The hidden welfare cost of commercial fisheries on non-target species
Fisheries bycatch — the incidental capture of non-target species — kills an estimated 40% of all marine life caught globally. This includes seabirds, sea turtles, dolphins, sharks, rays, and vast numbers of non-target fish. The welfare harm of bycatch is enormous: animals dying by drowning, suffocation, crushing, or entanglement; often after prolonged suffering. Reducing bycatch is simultaneously a conservation and welfare priority.
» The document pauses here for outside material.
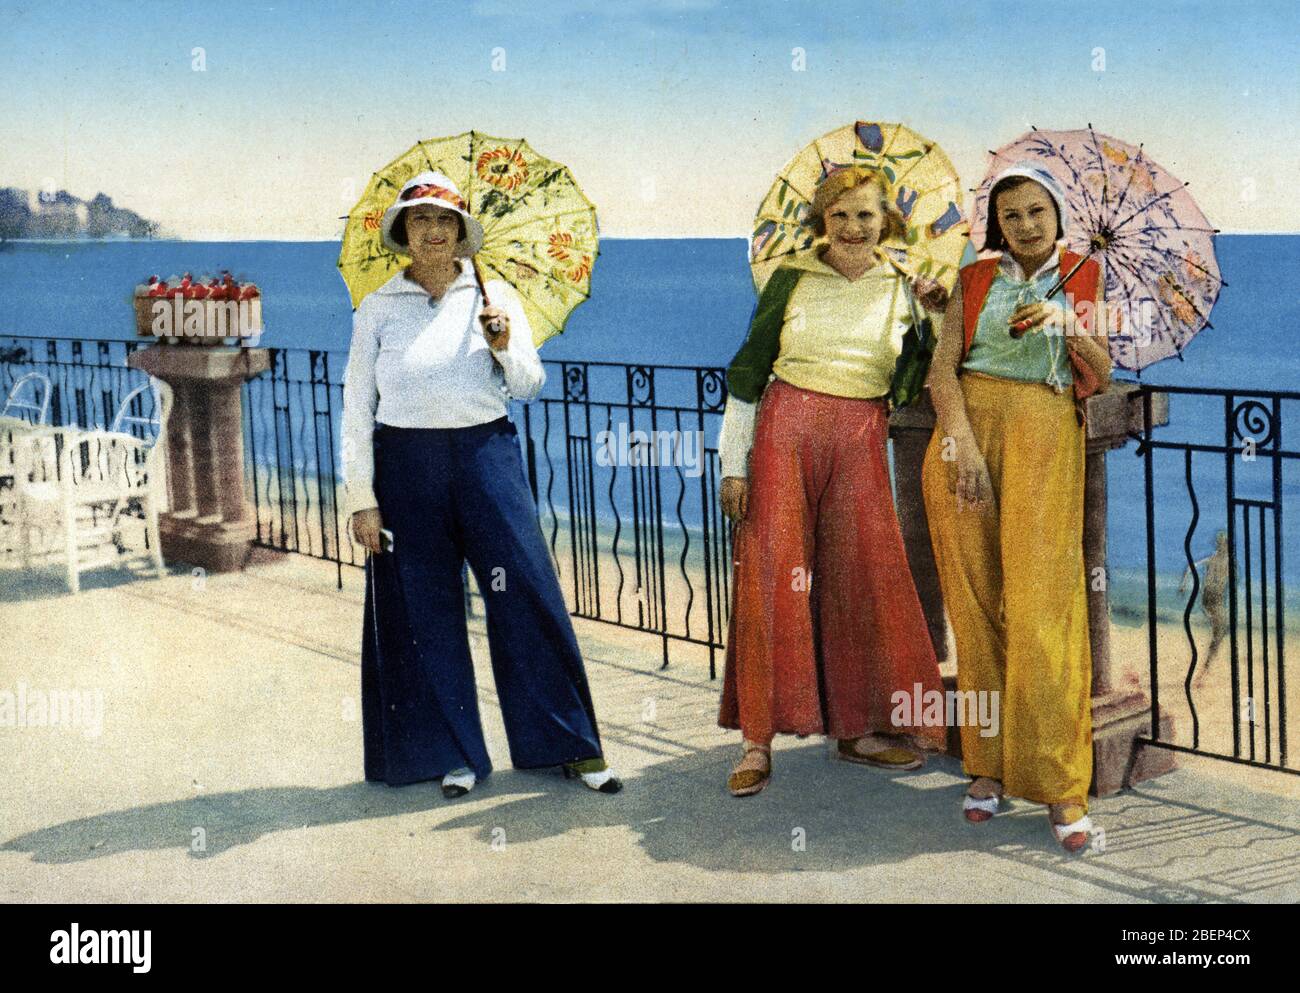 Jeunes femmes vetues a la mode pyjama dans les annees 1930, Juan les Pins, (women wearing pajamas in the 1930s) Carte postale Collection privee Stock Photo

Sea turtles entangled in longlines or trawls face drowning (they are air-breathing), physical injuries from hooks and line, and exhaustion. Survival depends on how quickly they are released. Turtle Excluder Devices (TEDs) in trawl nets are mandatory in many fisheries; circle hooks in longlines reduce ingestion bycatch by 80-90%. Trained handling of entangled turtles (dehooking, resuscitation) improves survival rates dramatically when fishers are properly equipped and motivated.
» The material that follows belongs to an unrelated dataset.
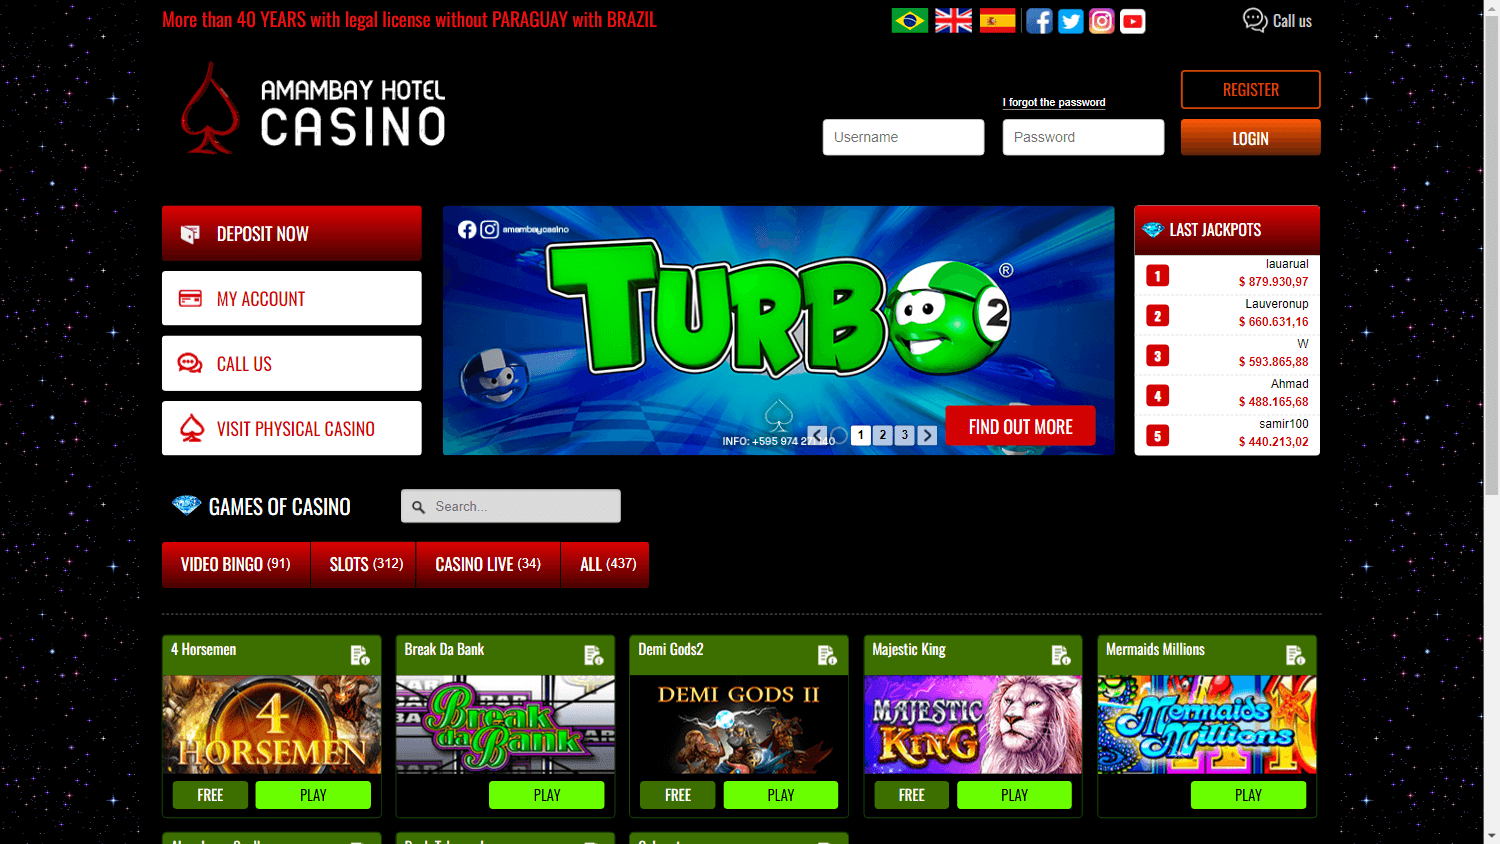 casino_amambay_homepage_desktop

Dolphin and porpoise bycatch in gillnets and trawls involves drowning — one of the most stressful deaths possible for air-breathing mammals. Harbor porpoise bycatch in EU gillnet fisheries kills thousands annually. Pingers (acoustic deterrent devices) attached to nets reduce porpoise bycatch by 70-90%; their adoption is increasing but not universal. The welfare case for pinger adoption is compelling: preventing drowning deaths in highly sentient, socially complex animals at modest cost to fishers.